Otro cambio evolutivo, más oculto que se está produciendo, aunque no sabemos qué efectos tendrá sobre nuestra especie, es consecuencia de la lucha en que está empeñada la humanidad desde que Pasteur descubriese en el siglo XIX la naturaleza microbiana de algunas enfermedades, una lucha que tiene como objetivo eliminar tantos microorganismos patógenos como sea posible. Además de los ya mencionados antibióticos (que han provocado que los microorganismos estén evolucionando para defenderse) y de las vacunas, disponemos de otros elementos, como jabones antimicrobianos y desinfectantes de manos, ubicuos en una buena parte de las regiones urbanas. Y también pretendemos esterilizar los entornos donde vivimos. Ahora bien, al profundizar en esta lucha parece que olvidamos los muchos ejemplos de interacciones positivas que existen entre animales y microbios. Nosotros mismos vivimos en íntima, y beneficiosa relación para ambas partes, con unas mil variedades de microbios, lo que se denomina microbioma humano que, a su vez, contiene del orden de 4 millones de genes, frente a los aproximadamente 30.000 que componen el genoma humano. Todavía existen muchas incógnitas en este novedoso campo, pero ya hay evidencias que muestran que: (1) los microbiomas, y el humano entre ellos, han evolucionado con sus huéspedes; (2) existen diferencias entre los microbiomas de especies diferentes e incluso entre poblaciones de humanos distintas; (3) el microbioma de los urbanitas occidentales es el de menor variedad de entre los conocidos hasta ahora. Si nuestro microbioma disminuye y cambia (evoluciona), ¿qué efecto tendrá sobre nuestra evolución?

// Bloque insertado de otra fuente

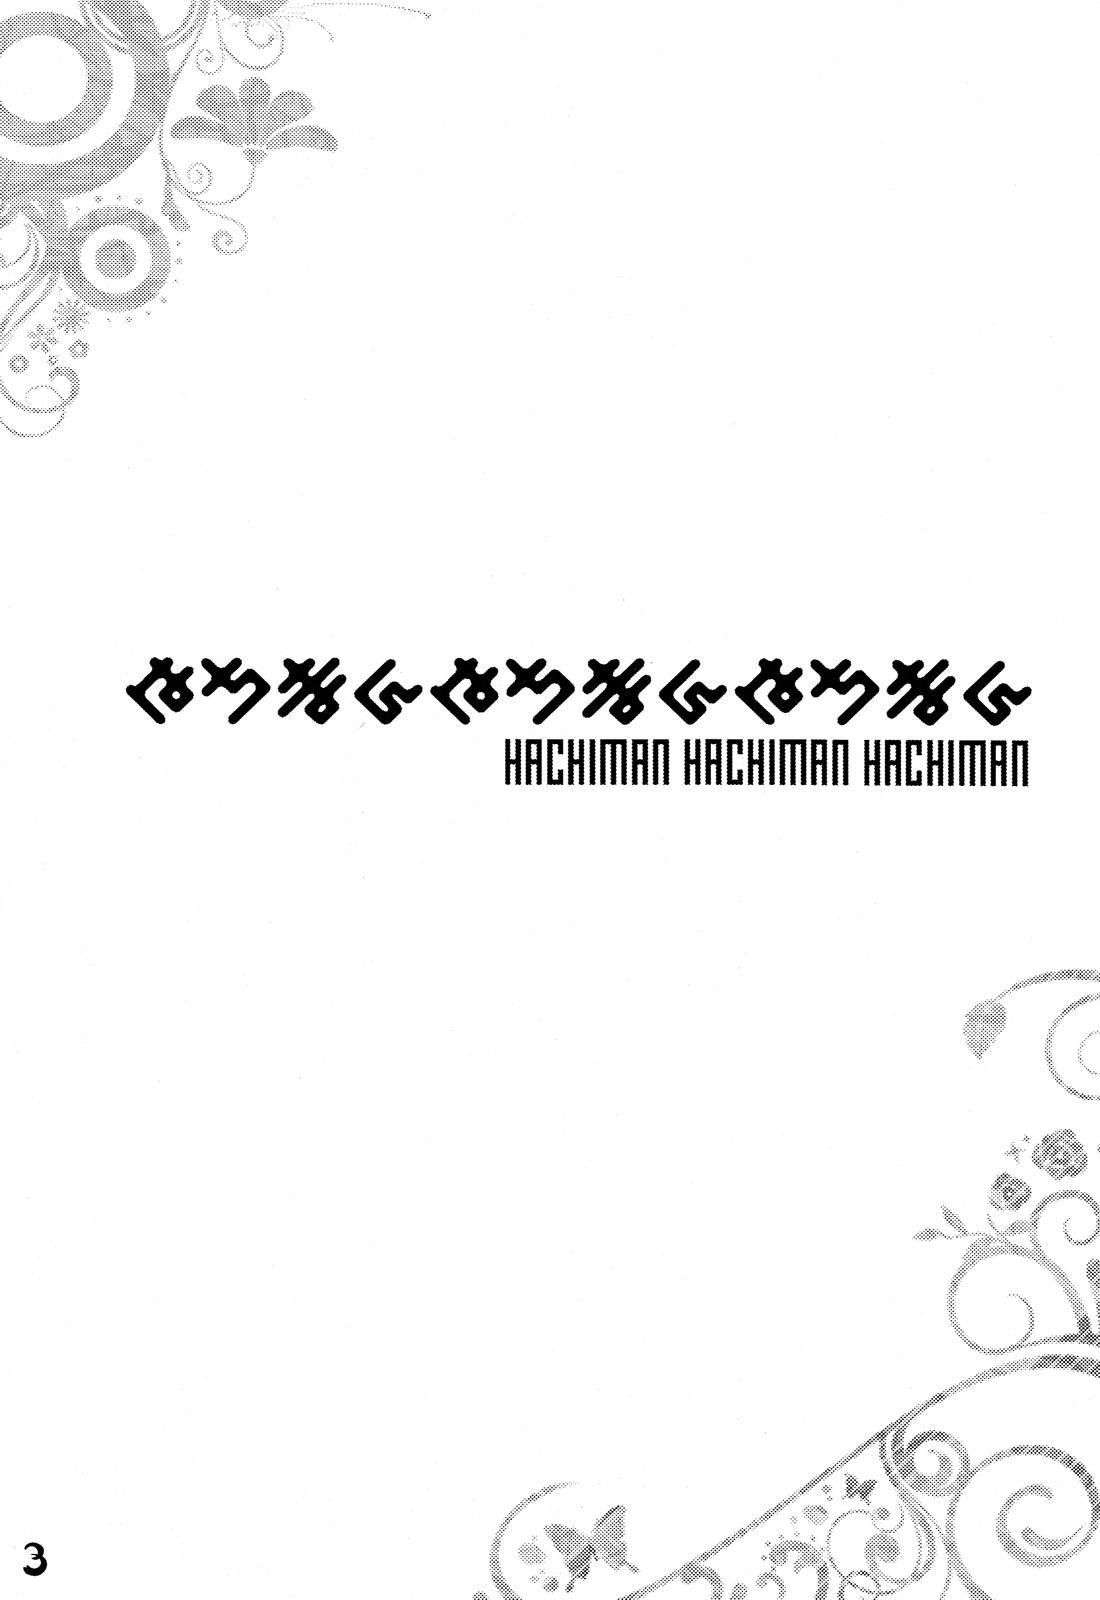 Blacks Hachiman Hachiman Hachiman! - Yahari ore no seishun love come wa machigatteiru Class - Page 3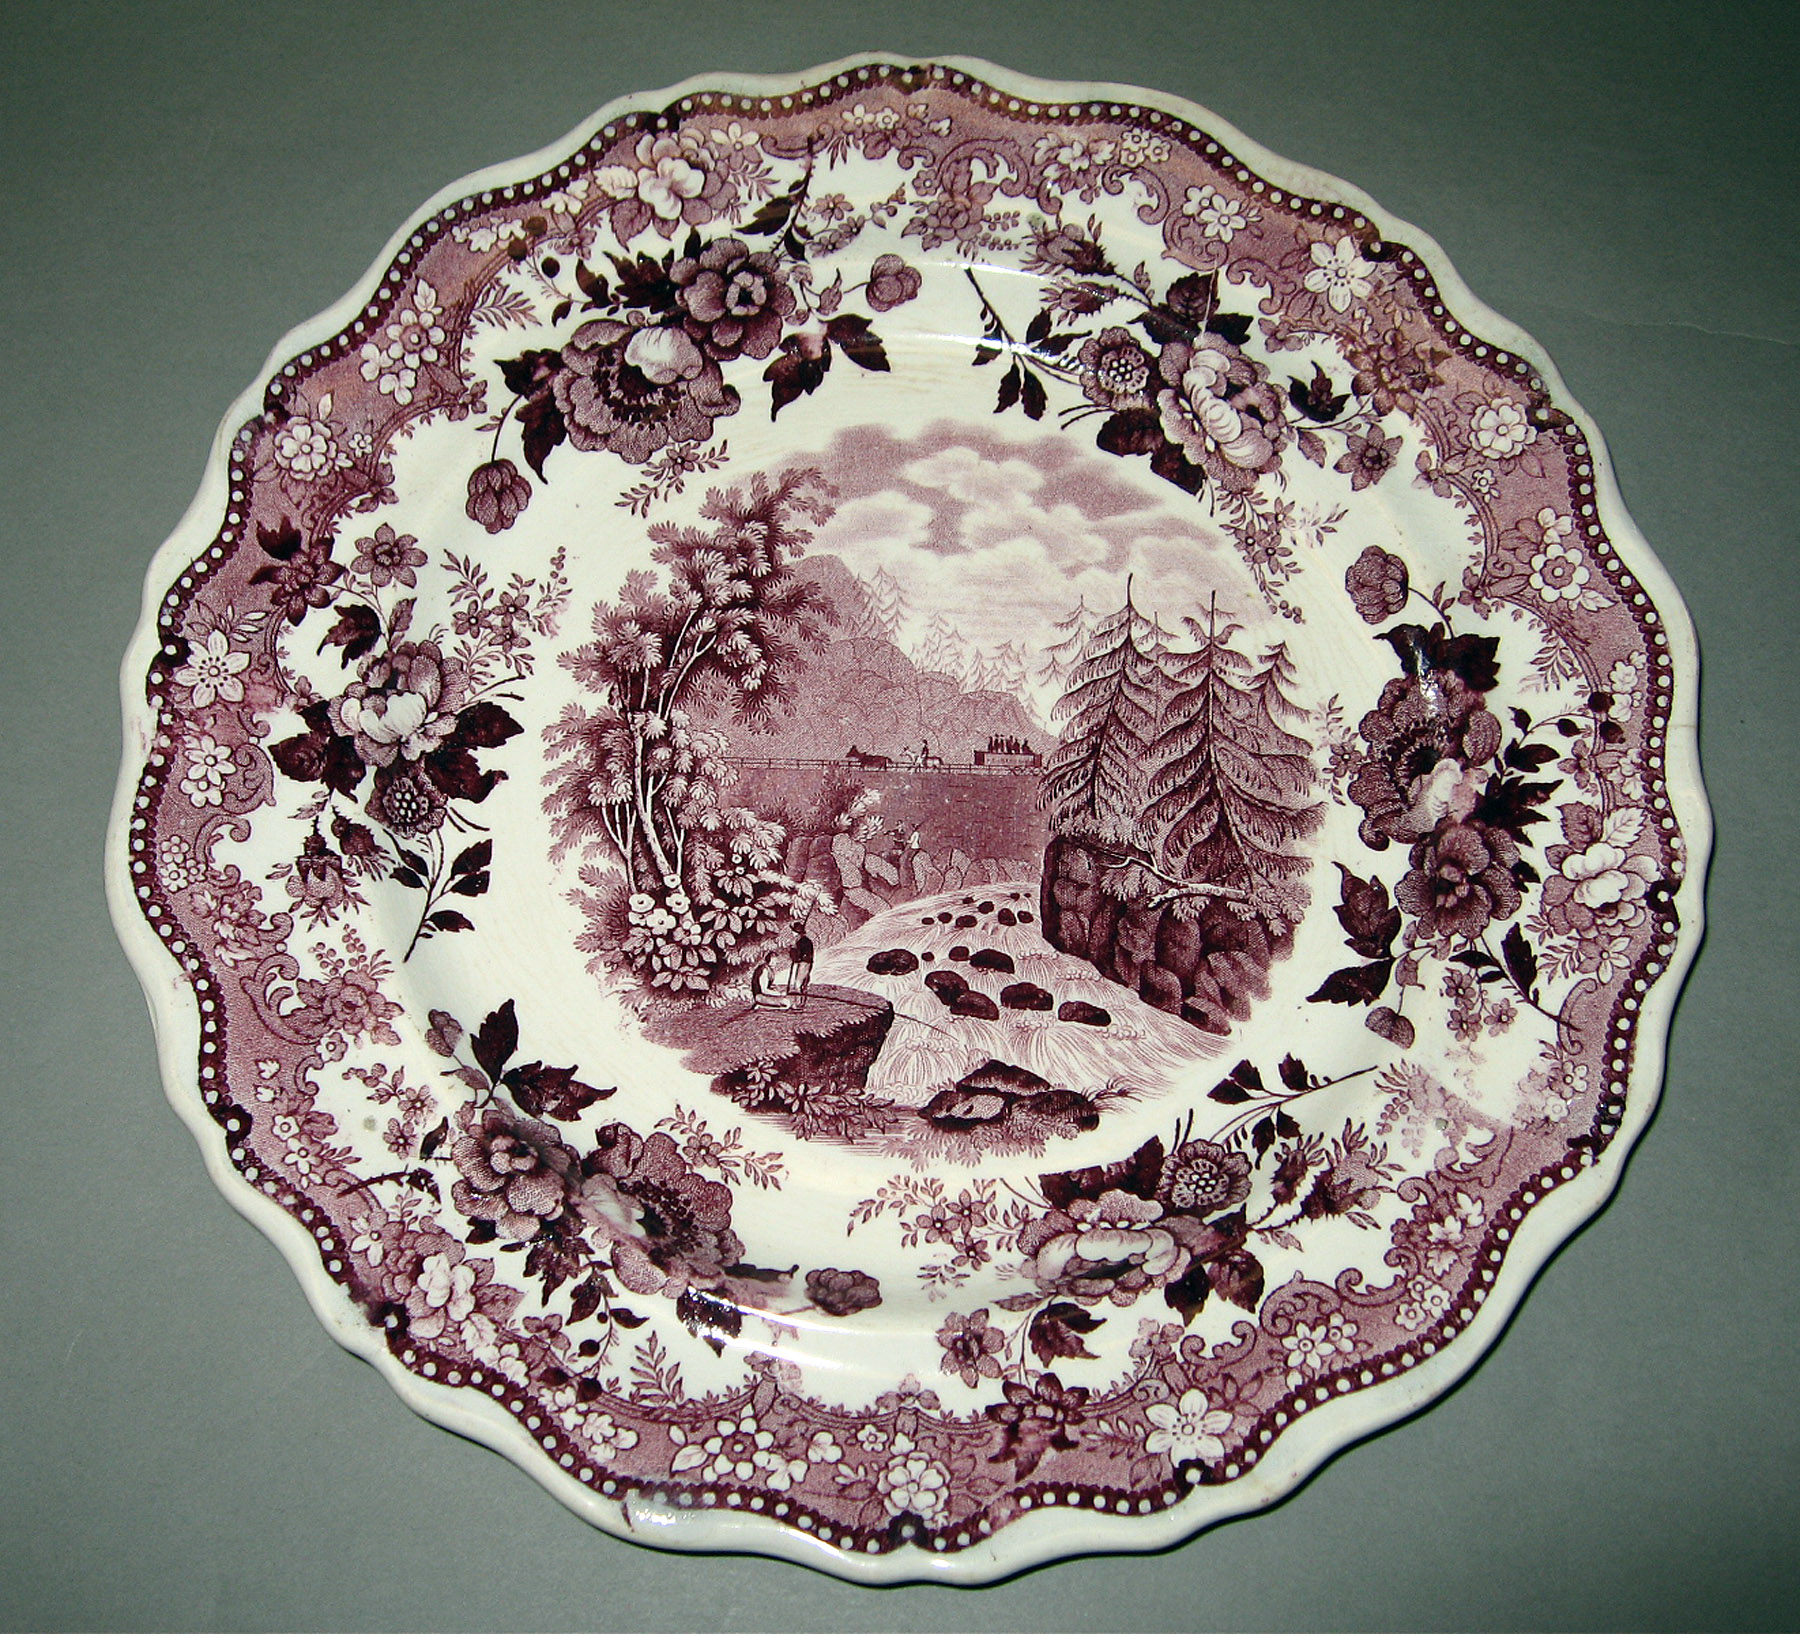 1966.0830 Earthenware plate

Encontramos un nuevo ejemplo en la alimentación. Sabemos que en la evolución que condujo al homo sapiens intervino como un factor importante los ajustes a los alimentos disponibles. Si esto es así, habrá que considerar el efecto evolutivo que producirán los cambios globales, y culturales, de las dietas modernas, cambios que incorporan alimentos procesados o bebidas con altas calorías, estrechamente ligados a la plaga pandémica de obesidad, diabetes y enfermedades cardiovasculares. La evolución, no lo olvidemos, tiene como fin eliminar peligros para la supervivencia de la especie, y en su lucha por conseguirlo utiliza tácticas muy diversas. La legítima preocupación por cómo podrá influir la ingeniería genética en el futuro de nuestra especie está aún lejos, pero otras influencias no lo están tanto.